SupportSave Solutions, Inc.
- Company type: Publicly Traded
- Traded as: OTC Pink: SSVE
- Industry: Business Services, Offshore outsourcing
- Founded: 2007
- Headquarters: 405 E, 12450 South Suite M, Draper, UT 84020
- Key people: Christopher Johns (CEO), Rahul Singh (General Manager)
- Products: Offshore Services
- Revenue: $18 million (est.) (2010)
- Number of employees: 1400 (end 2010)
- Website: www.SupportSave.com

= SupportSave =

American company

SupportSave Solutions, Inc. (NASDAQ BB: SSVE) is a US-based offshore business process outsourcing (BPO) company that provides customer relationship management services, transcription and captioning, and back office support. The company serves clients in a variety of industries such as travel and hospitality, financial services, technology, telecommunications, consumer products, healthcare and insurance, entertainment and education, and law enforcement.

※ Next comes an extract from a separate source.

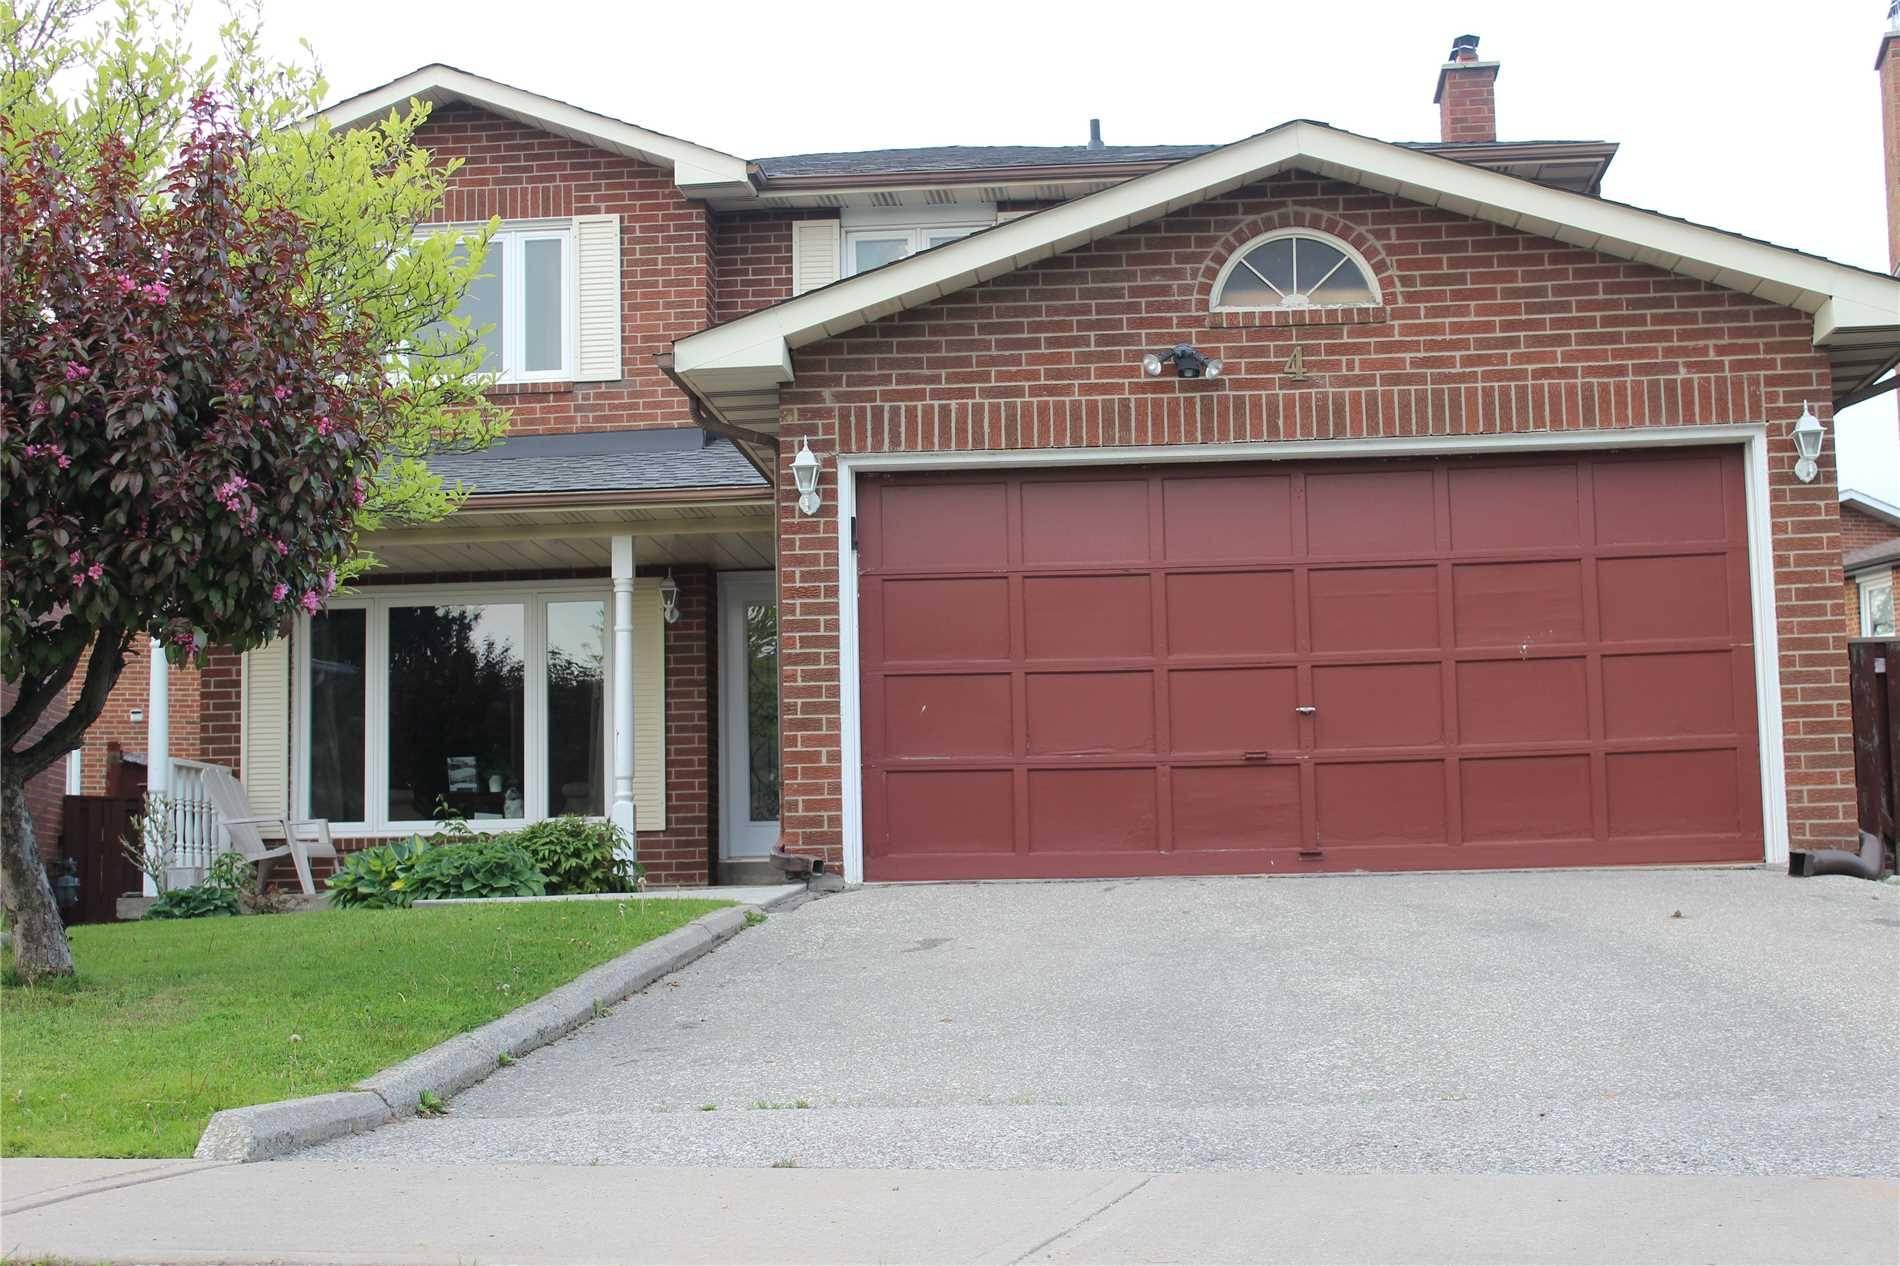 House for sale at 4 Quaker Ridge Rd Vaughan Ontario - MLS: N4452853

SupportSave is based in Los Angeles, California, but it also holds operations in the Philippines. For its fiscal year ending May 31, 2009, SupportSave reported 96% revenue growth over its previous fiscal year.

== Corporate affairs ==

=== Current executives ===

- Christopher Johns, Founder, Chairman, and Chief Executive Officer
- Rahul Singh, General Manager

==History==
SupportSave was founded on May 2, 2007, by Christopher Johns. Its original business model was to provide outsourced web-based customer management services to internet-based companies via chat and e-mail. During that period, SupportSave had 100 clients and 400 employees and was essentially a call center taking no calls. Today SupportSave has over 1500 employees, operates on 3 continents, and serves companies in retail, e-retail, technology, energy and travel. Its clients include; Office Depot, OfficeMax, Greyhound Lines, DocuSign, Harvard Business Publishing, US Auto Parts, Yellow Pages (YP.com), Checkpoint Software, Westinghouse, Element and Major Energy.